I would suggest using user tags, which is a characteristic of aptitude (apt binary doesn't have this) would help with that. When installing packages add the --add-user-tag option when installing the packages, for example:

sudo aptitude --add-user-tag build-dep-package build-dep package

and to remove them just use:

sudo aptitude remove '?user-tag(build-dep-package)'

You can also remove the tag along the way with --remove-user-tag build-dep-package.

But this pose a problem, what about if the same package has both tags? Well, you just use the and/not conditionals to prevent that from happening:

sudo aptitude remove '?and(?user-tag(build-dep-package),?not(?user-tag(wanted-packages))'

To manipulate several packages with different tags use or:

sudo aptitude remove '?or(?user-tag(build-dep-package),?user-tag(wanted-packages)'

Through this is very useful in the long run, I haven't found a way to list all the current active tags.


I found a post by David Kalnischkies in the blog post UNDO APT-GET BUILD-DEP (REMOVE BUILD DEPENDENCIES)

For those who don't know, David is the main apt maintainer, and has been so since 2009 or thereabouts, so it is a safe bet he knows what he is talking about.

DonKult • 3 years ago

Before you try this insane commandline, try this option: APT::Get::Build-Dep-Automatic

like in apt-get build-dep -o APT::Get::Build-Dep-Automatic=true srcpkg1 srcpkg2 …

If that works for you and you want to have it permanent: echo APT::Get::Build-Dep-Automatic "true"; > /etc/apt/apt.conf.d/99markbuilddepauto

I don't remember in which APT version it was added, but it must be old enough for at least a couple of ubuntu releases… btw: The default value was switched to "false" at 2009-02-09 in ubuntu.

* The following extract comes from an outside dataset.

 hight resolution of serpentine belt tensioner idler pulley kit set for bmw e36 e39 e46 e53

Oh, and just for the record: Insane, because it installs aptitude to use the same functionality which is already provided by an installed application shipped with APT: apt-mark.

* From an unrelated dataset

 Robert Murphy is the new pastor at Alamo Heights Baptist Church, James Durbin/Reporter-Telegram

But as always, with 6 hours of coding you can avoid reading the manpages for 5 minutes…


apt-get build-dep -o APT::Get::Build-Dep-Automatic=true srcpkg1 srcpkg2...

is probably a reasonable way to go. I had no idea this option existed. As of right now I have not been able to find it in apt documentation. I'll update if I do.

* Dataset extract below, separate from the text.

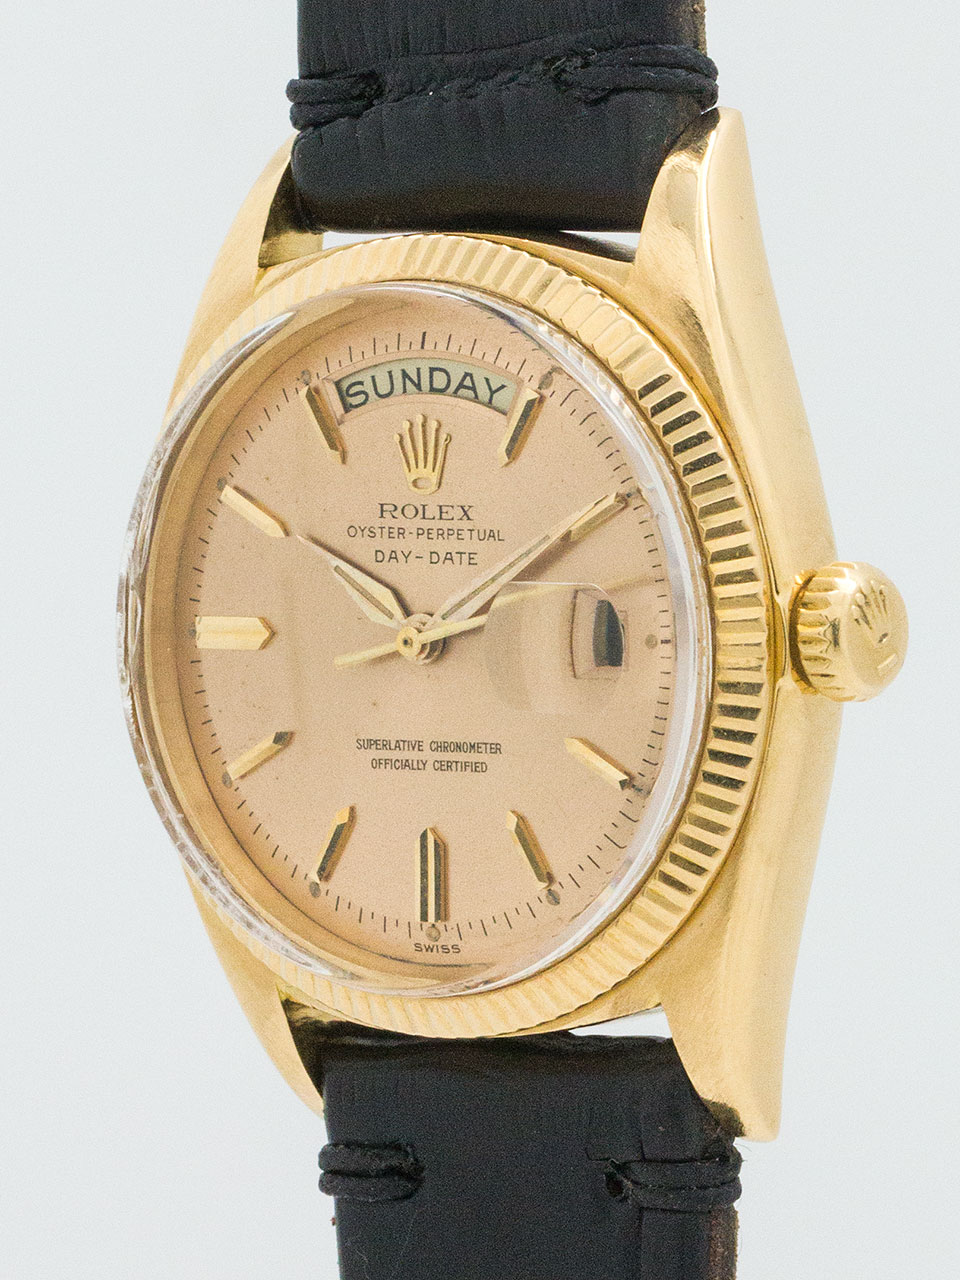 Rolex Day Date President ref 1803 Rose Dial circa 1968

However, note also the Debian bug report aptitude: APT::Get::Build-Dep-Automatic is not honored. The title says it all.

UPDATE: Having tested this, it doesn't seem to work. I did

# apt-get build-dep -o APT::Get::Build-Dep-Automatic=true g++

and then

# apt-get autoremove

but it returned nothing. Maybe I'm missing something. I'll leave this answer alone for the moment.

UPDATE 2: I see in /var/lib/apt/extended_states that the packages are correctly marked as Auto-Installed: 1. So, I must be using autoremove wrong.

UPDATE 3: Tried

# apt-get build-dep -o APT::Get::Build-Dep-Automatic=true coreutils

and this time

# apt-get autoremove

uninstalled dh-buildinfo gperf libacl1-dev libattr1-dev correctly.

So, why did the previous attempt not work? I'm not sure, but hypothesis - the top level packages provided virtual packages which were required by a manually installed packages. So


Provides: java-gcj-compat-headless, java-runtime-headless, java-virtual-machine, java1-runtime-headless, java2-runtime-headless, java5-runtime-headless



Depends: default-jre-headless | java5-runtime-headless | java6-runtime-headless | java7-runtime-headless, libxerces2-java

So there is an overlap here - namely java5-runtime-headless. Bottom line - this may have been an unfortunately chosen example.


This won't help with your existing dev packages, but for future use, consider using mk-build-deps (in the devscripts package) to generate a meta-package for the dependencies.

mk-build-deps needs just the name of an available package, or its control file. The latter is useful if your package isn't (yet) available or if you are adding new dependencies.

It can install the generated meta-package (plus dependencies) for you if you want.

As usual, full details in the manual page once you've installed it.